Anytime you borrow money to finance business operations, the lenders will expect you to pay back the principal amount together with interest that is determined when you are borrowing. While average rates for various types of business loans may vary, the expected range is between 2% and 7%.
What factors affect the interest rate on a business loan?
Understanding how best to qualify for business loans and interest applicable puts you in a better position to make informed borrowing decisions. Here are some of the factors that determine how much interest you will be charged by lenders of business loans.
1. The lender
Business loans that are obtained from banks offer the lowest rates of interest. However, expect the qualification criteria to be tougher than for other loan types that are often highly priced. In most instances, bank-issued business loans are charged an interest rate of around 9 percent. However, some online lenders may charge several times the interest rate that you would be charged by a bank.
2. The type of loan
There are many types of small business advances that are on offer, and each of them is priced differently. Small business loans are charged an interest rate that ranges from 5% to 8%.
3. Your financial situation
There are various things that are person-specific that lenders will be looking at before they decide how much they will lend you. Your credit score is one of these considerations. If they are of the opinion that your risk profile is way outside the green, then you will be charged a higher interest rate than someone who has a perfect credit score.
4. The collateral that you offer
Collateral loans that are secured with assets are often cheaper than those loans that are not secured at all. In case you don’t repay your loans, the lender will seize the assets that you gave out as collateral. This is one of the reasons why the lenders believe that they will not be carrying a lot of risk by lending to you.
5. Other considerations
The condition of the market, the sum that has been borrowed, and the repayment period determine the cost of the finance that you are applying for.
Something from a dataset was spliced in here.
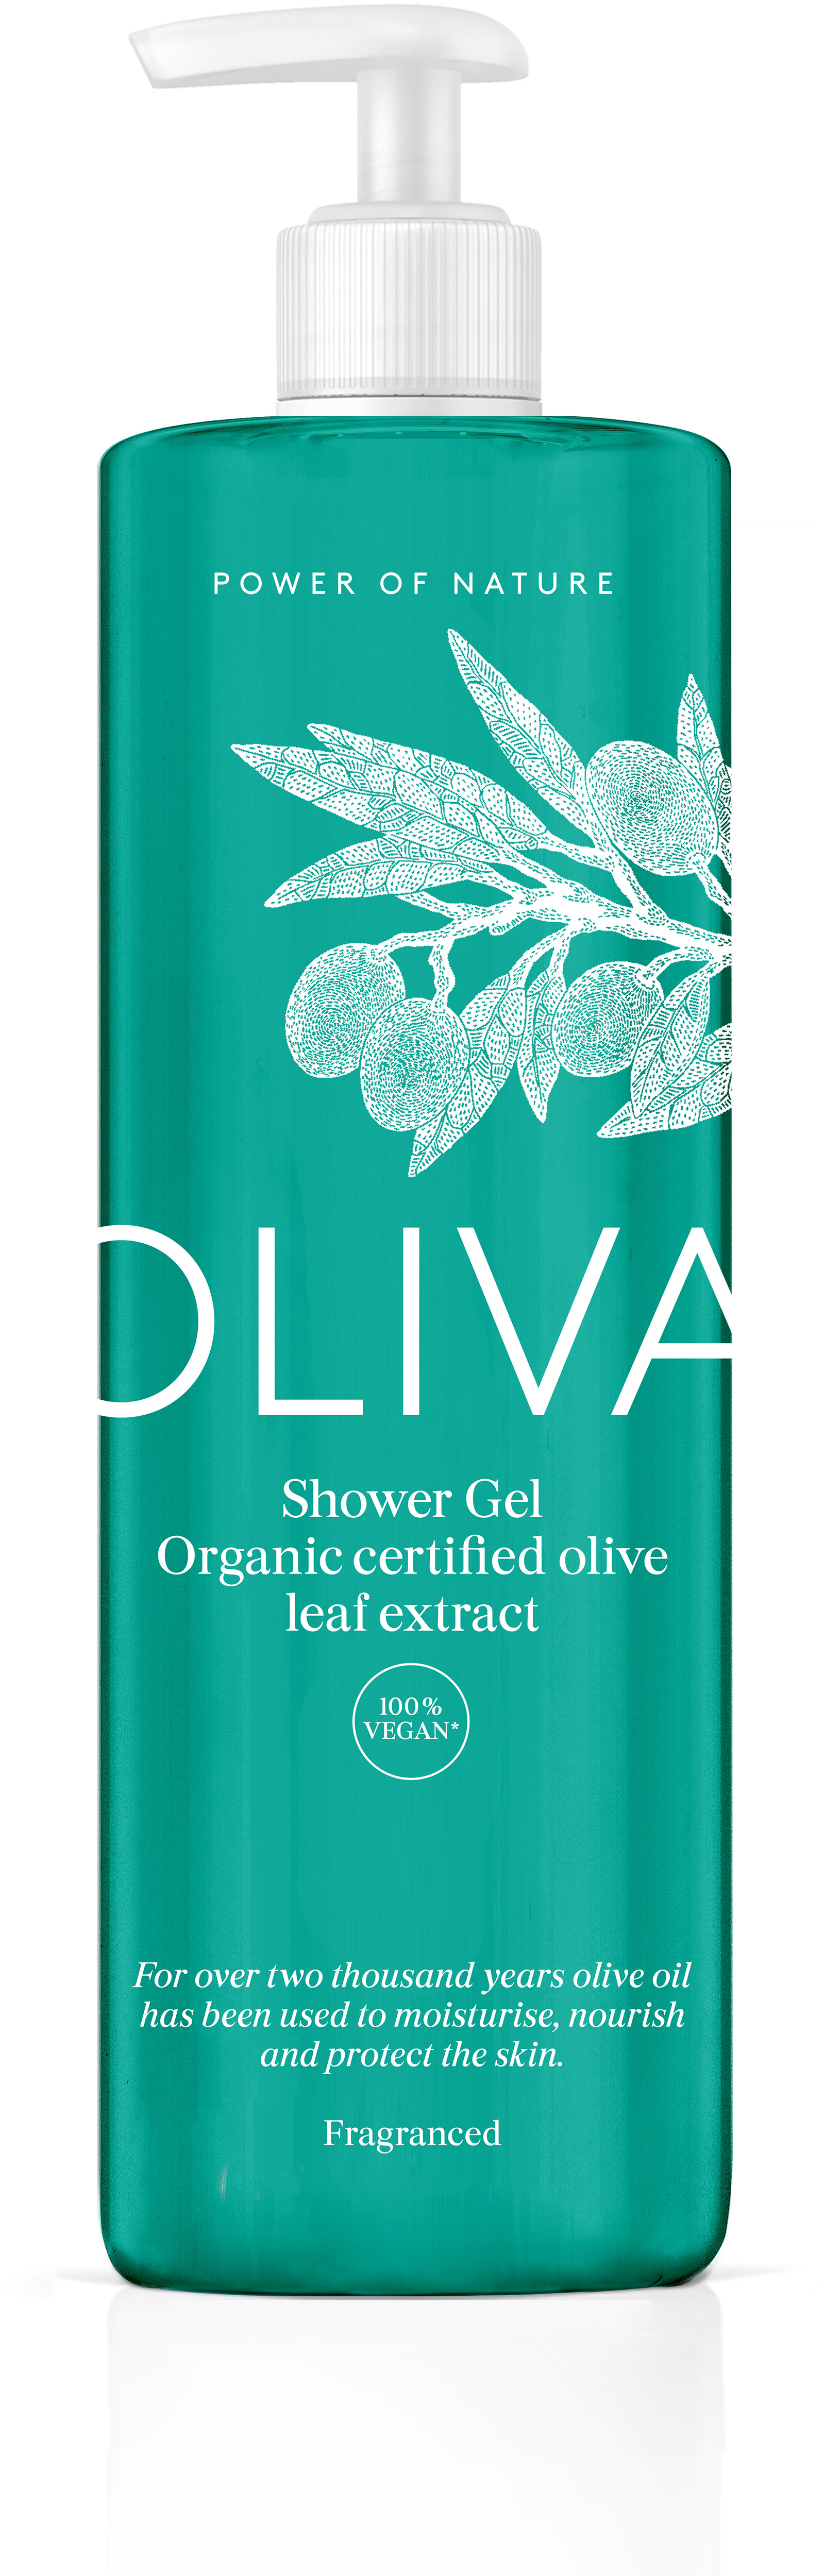 Oliva Showergel Parf 400 ml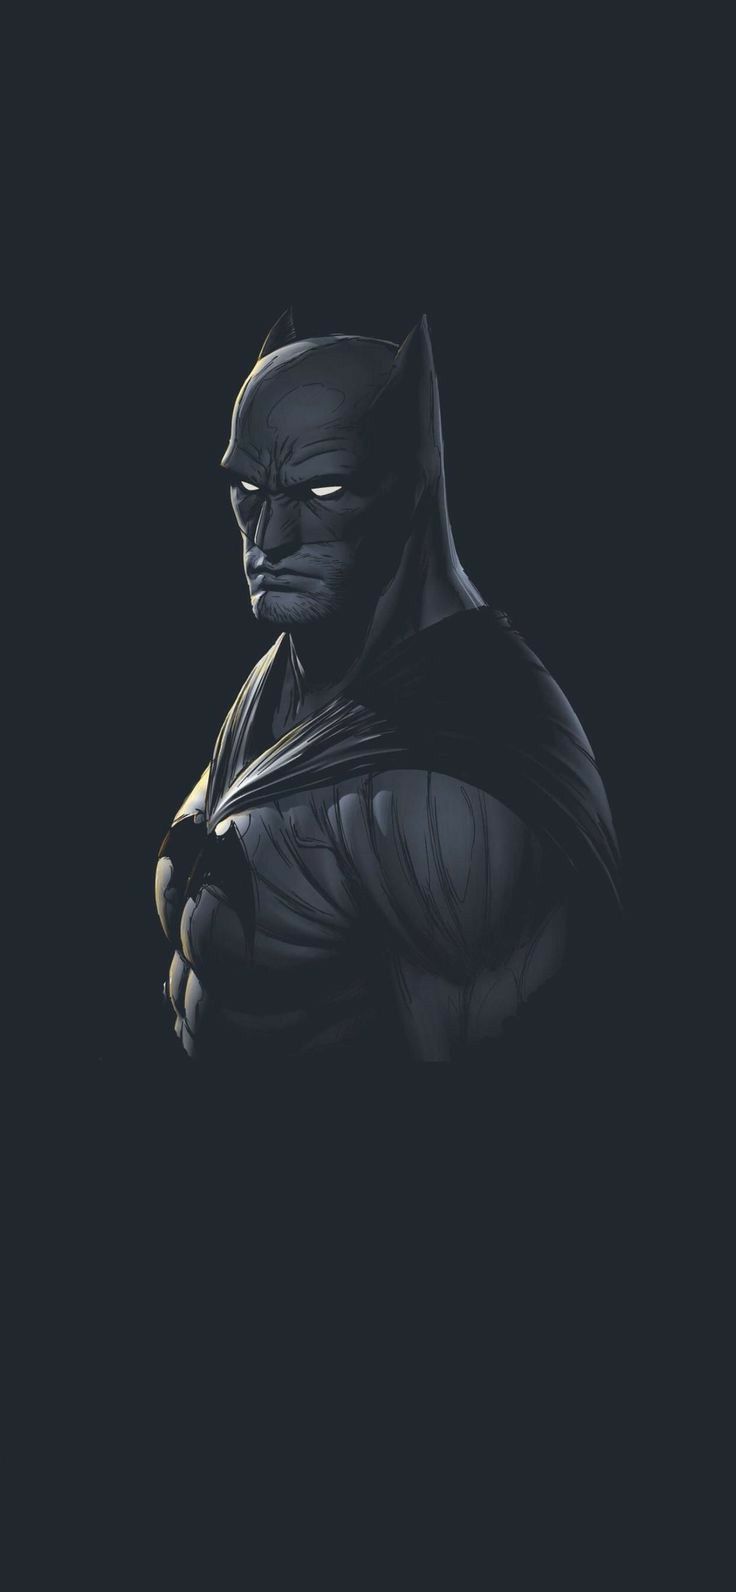 Batman, Minimalist, 4K,3840x2160, Wallpaper  Fondos de pantalla batman, Batman  wallpaper, Fondo de batman para iphone

Fixed and variable interest rates
At the time of borrowing, it’s imperative to understand if the interest rate that you are being charged is variable or fixed. Remember that with a fixed interest rate, the rate will remain the same every month until you complete paying your loan. However, this is not the case with variable interest loans because the rate changes with the passage of time. With this kind of loan, it’s a little hard to budget how much you will be paying because the amount payable varies.
Initially, a business loan that carries a variable rate may have a lower interest rate. However, this rate may go up and down depending on the underlying index. It’s important to know if you will be on a fixed rate of interest or a variable rate at the earliest instance, since this will help you decide properly.